The Humberg Tower is an observation tower on the Humberg hill, 425 metres (1,400 feet) high, to the south of the city of Kaiserslautern in southwest Germany.

The idea of building a tower on the Humberg (already in those days a favourite hill among the citizens of Kaiserslautern, for its view) was taken up in 1896. For this purpose, inhabitants of the city founded the Humberg Association, with the aim of financing the building of an observation tower. Among the founding members were the well-known sewing machine factory owner Pfaff, the mayor, Dr. Orth, distinguished businessmen, Pfeiffer and Karcher, and malt manufacturer, Gelbert.
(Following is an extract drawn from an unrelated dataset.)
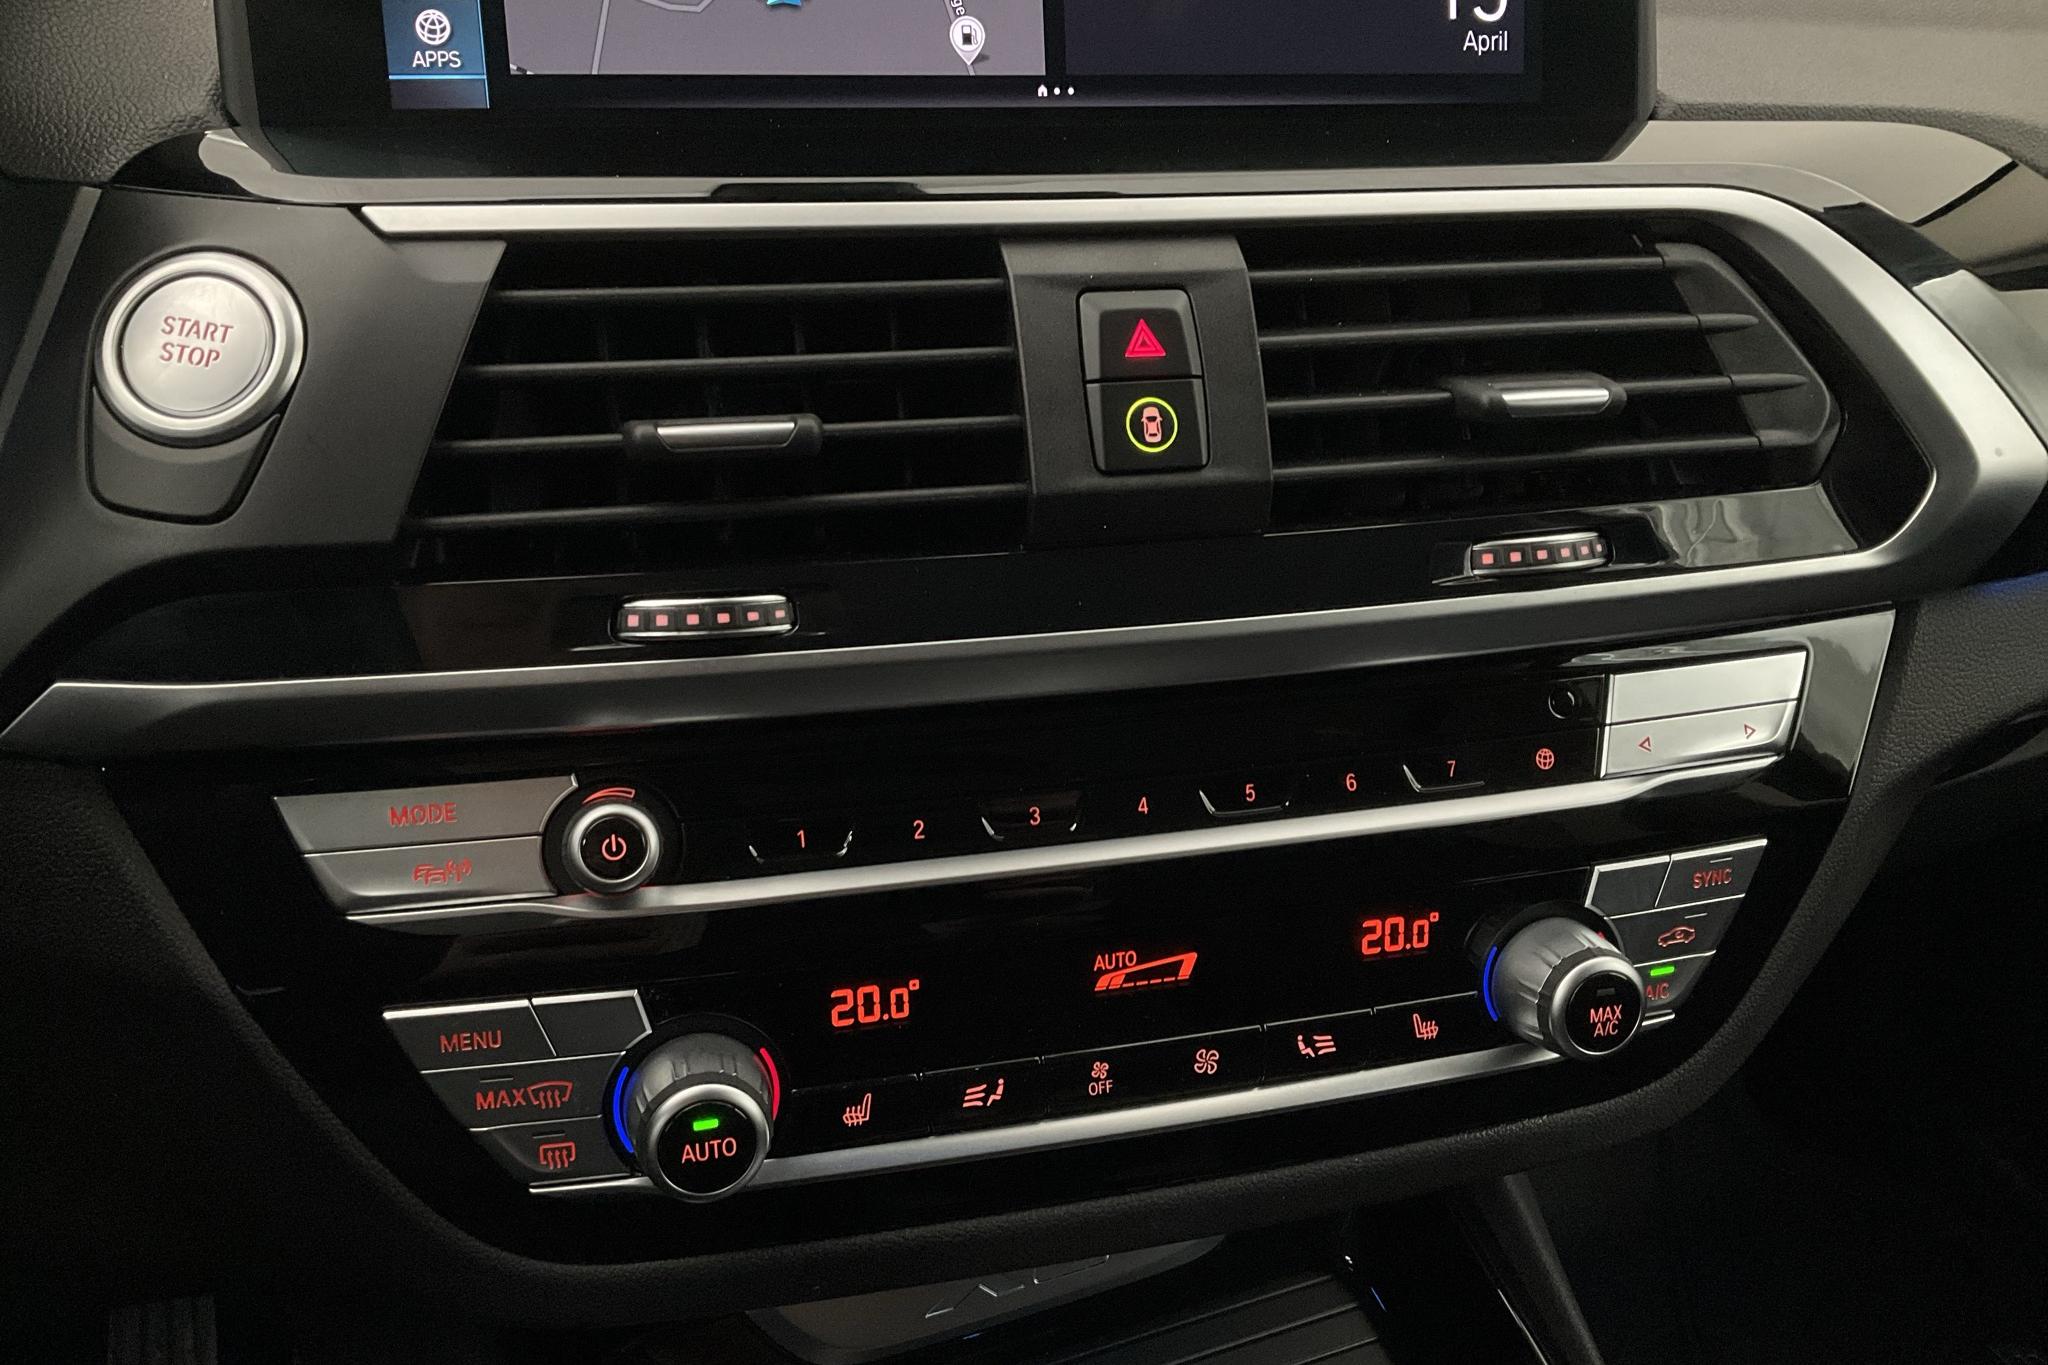 BMW X3 xDrive30e, G01 (292hk) - 65 970 km - Automatyczna - czarny - 2020

The tower was built to plans by the Munich architect, Ludwig Ritter von Stempel, who had already made a name for himself with some public buildings in the city.
The Humberg Tower is a monumental construction of sandstone blocks, typical of the Wilhelminian period. Building began in the spring of 1899. The building material was quarried on the spot from the stone plateau of the Humberg. The tower was ceremonially opened on 2 September 1900. The tower is 35.77 metres (119 feet) high and its observation platform is 28.16 metres (93 feet) above the ground. The spiral staircase inside has 130 steps; in addition, there are a further 33 steps in the outside stairs at the base.

In 1909, the existing Humberg Association was dissolved. The tower and the association's capital came into the possession of the city of Kaiserslautern. In 2001, the Humberg Tower Association of Kaiserslautern e.V. was founded with the aim of preserving the tower and its attractiveness as a goal for hikers.